▶ [ASSIGNED TASK]: Would you write out each line of the material below exactly, skipping every picture?

▶ [DATASET EXTRACT]:

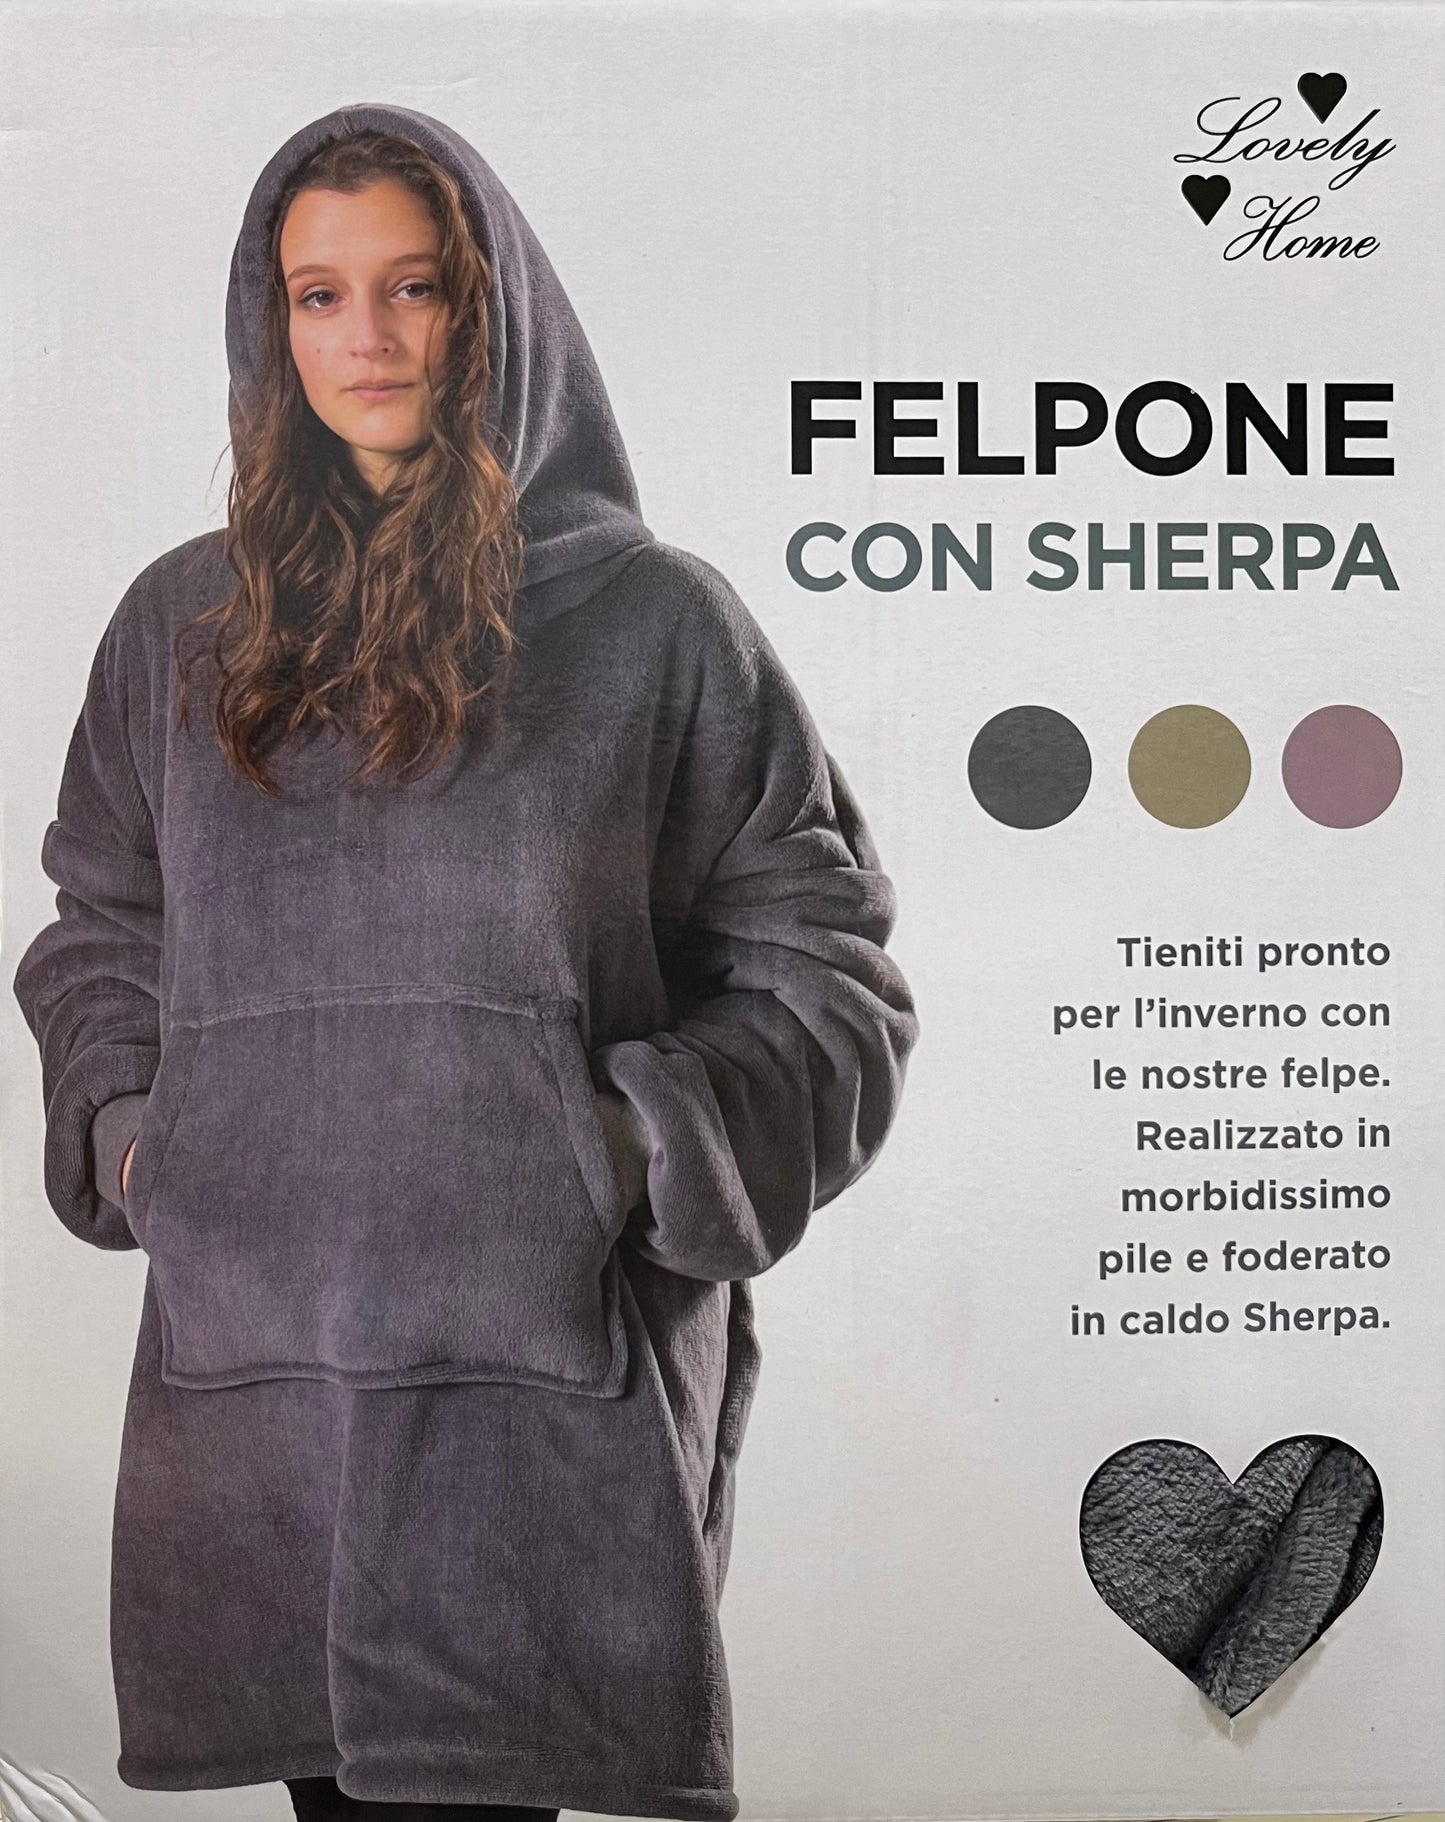 Felpone con Sherpa - Lovely Home
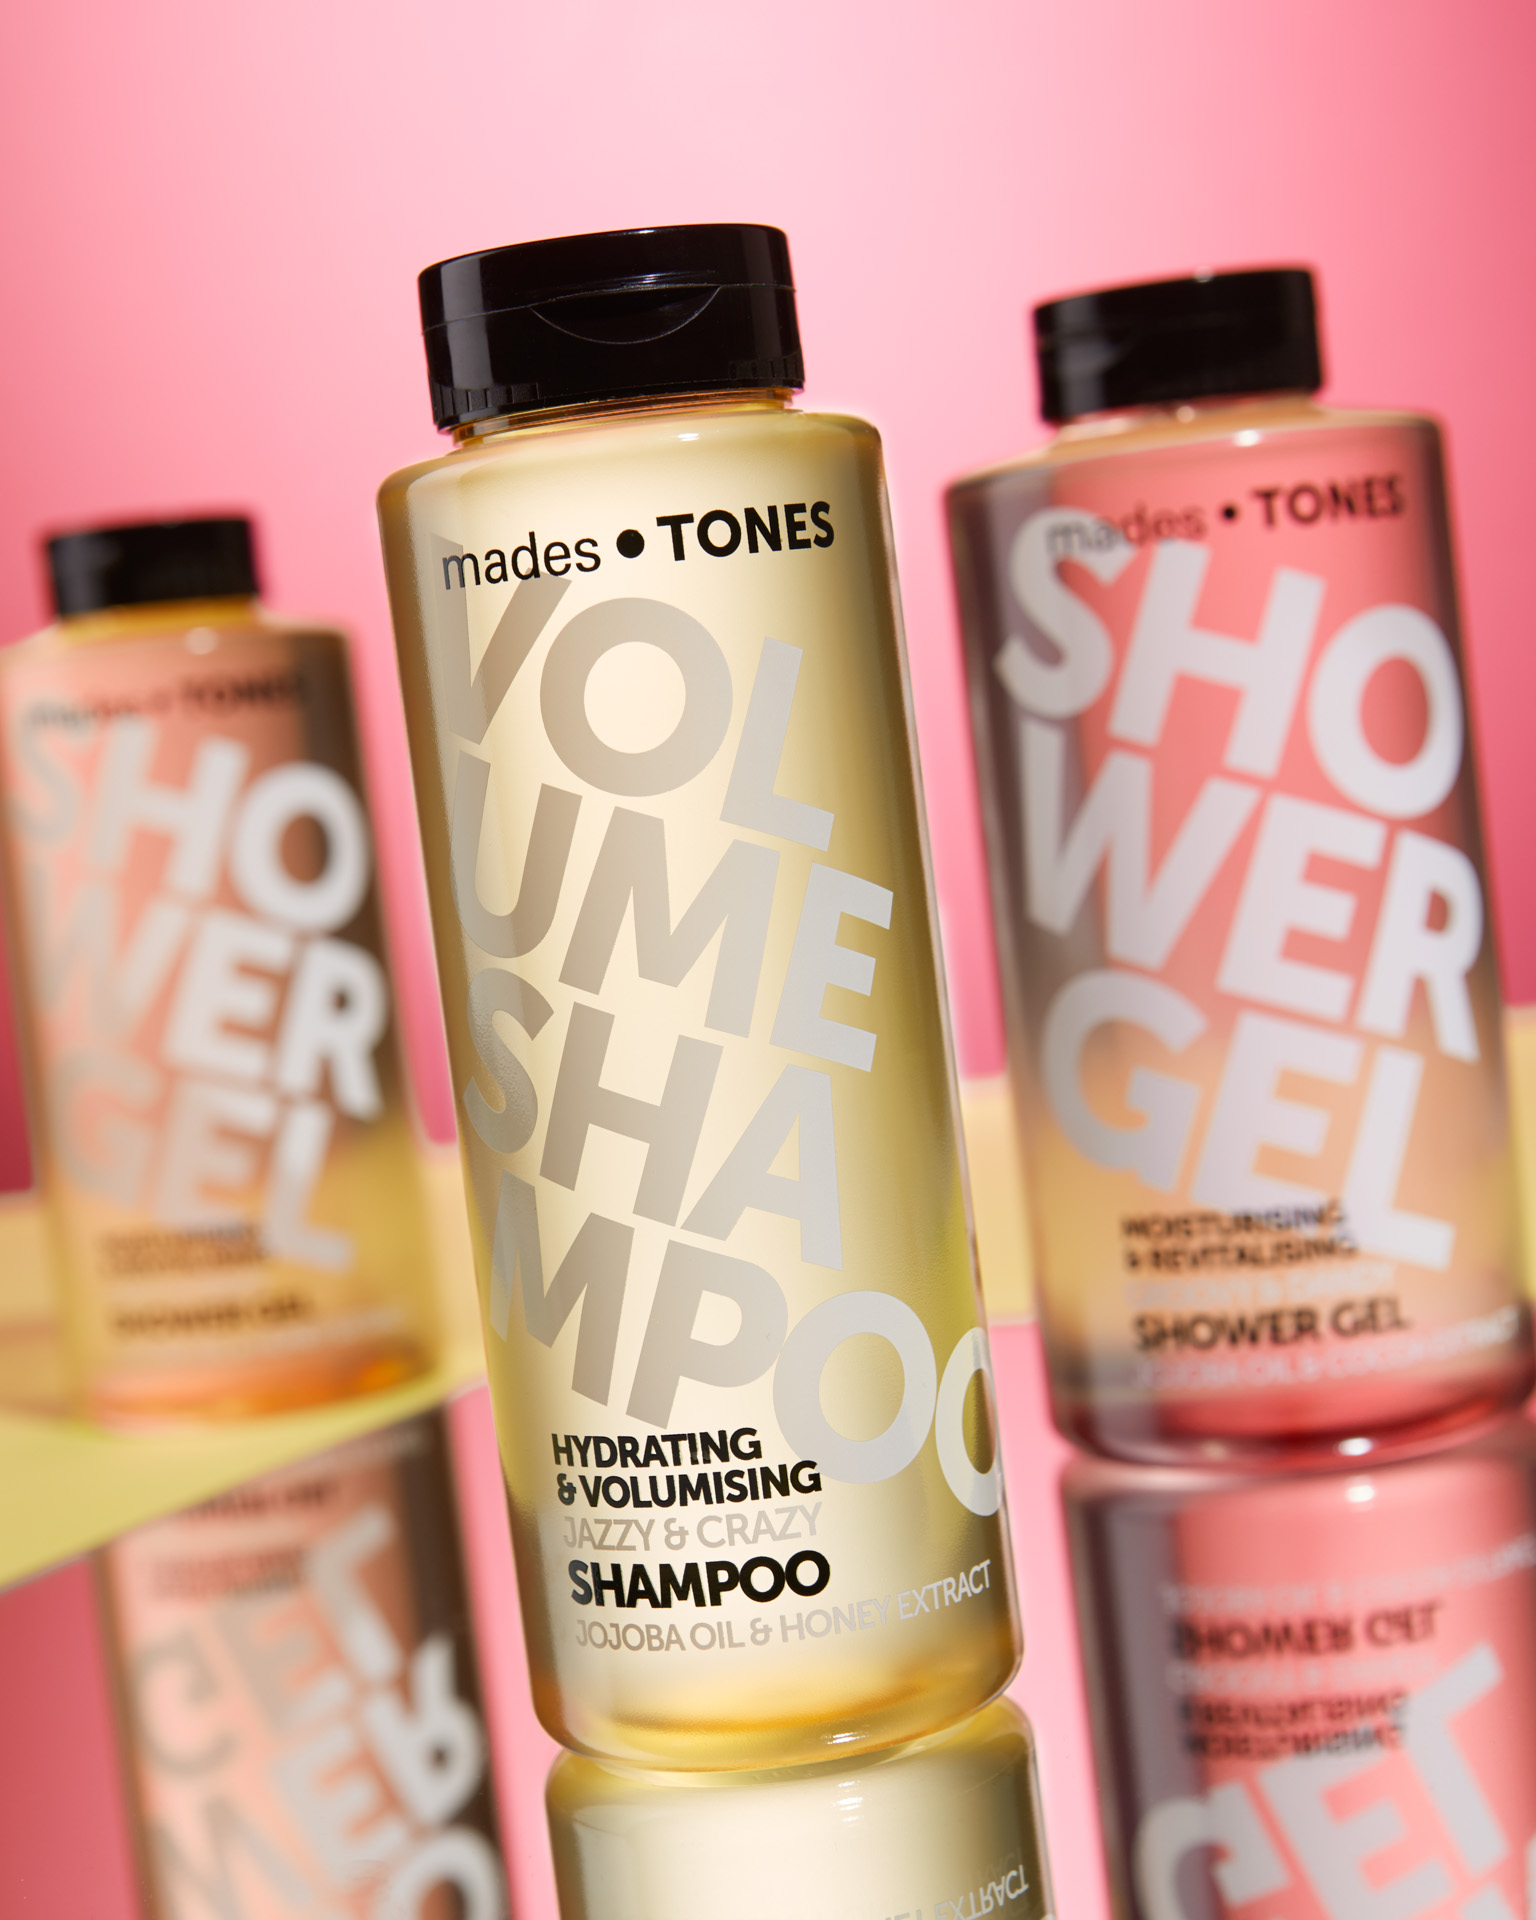 Product foto van shampoo en douche producten met roze en gele kleuren
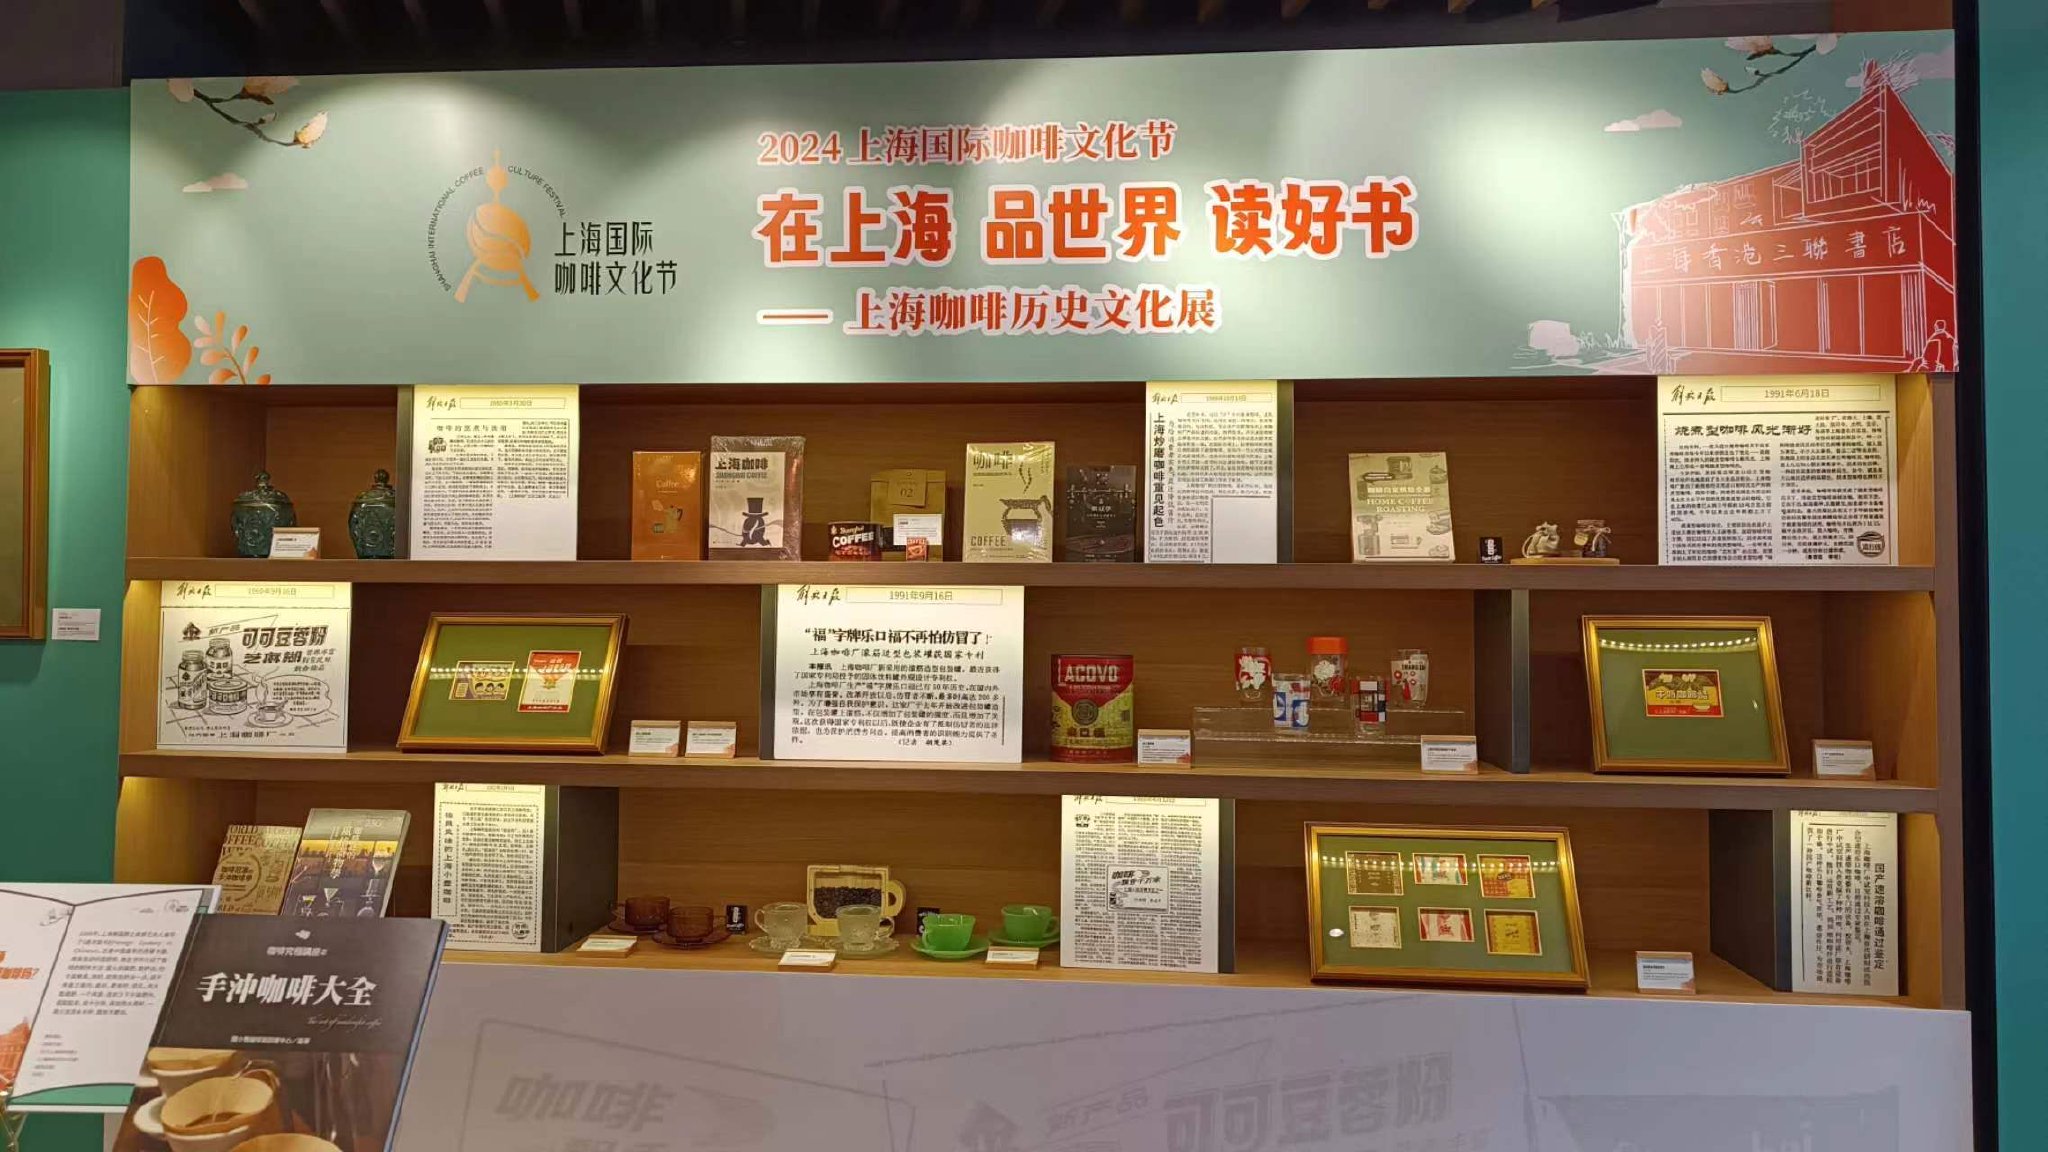 上海咖啡历史文化展在上海香港三联书店开幕

▶ [THE COMPLETED TASK]:
 Felpone con Sherpa - Lovely Home
 Product foto van shampoo en douche producten met roze en gele kleuren
 上海咖啡历史文化展在上海香港三联书店开幕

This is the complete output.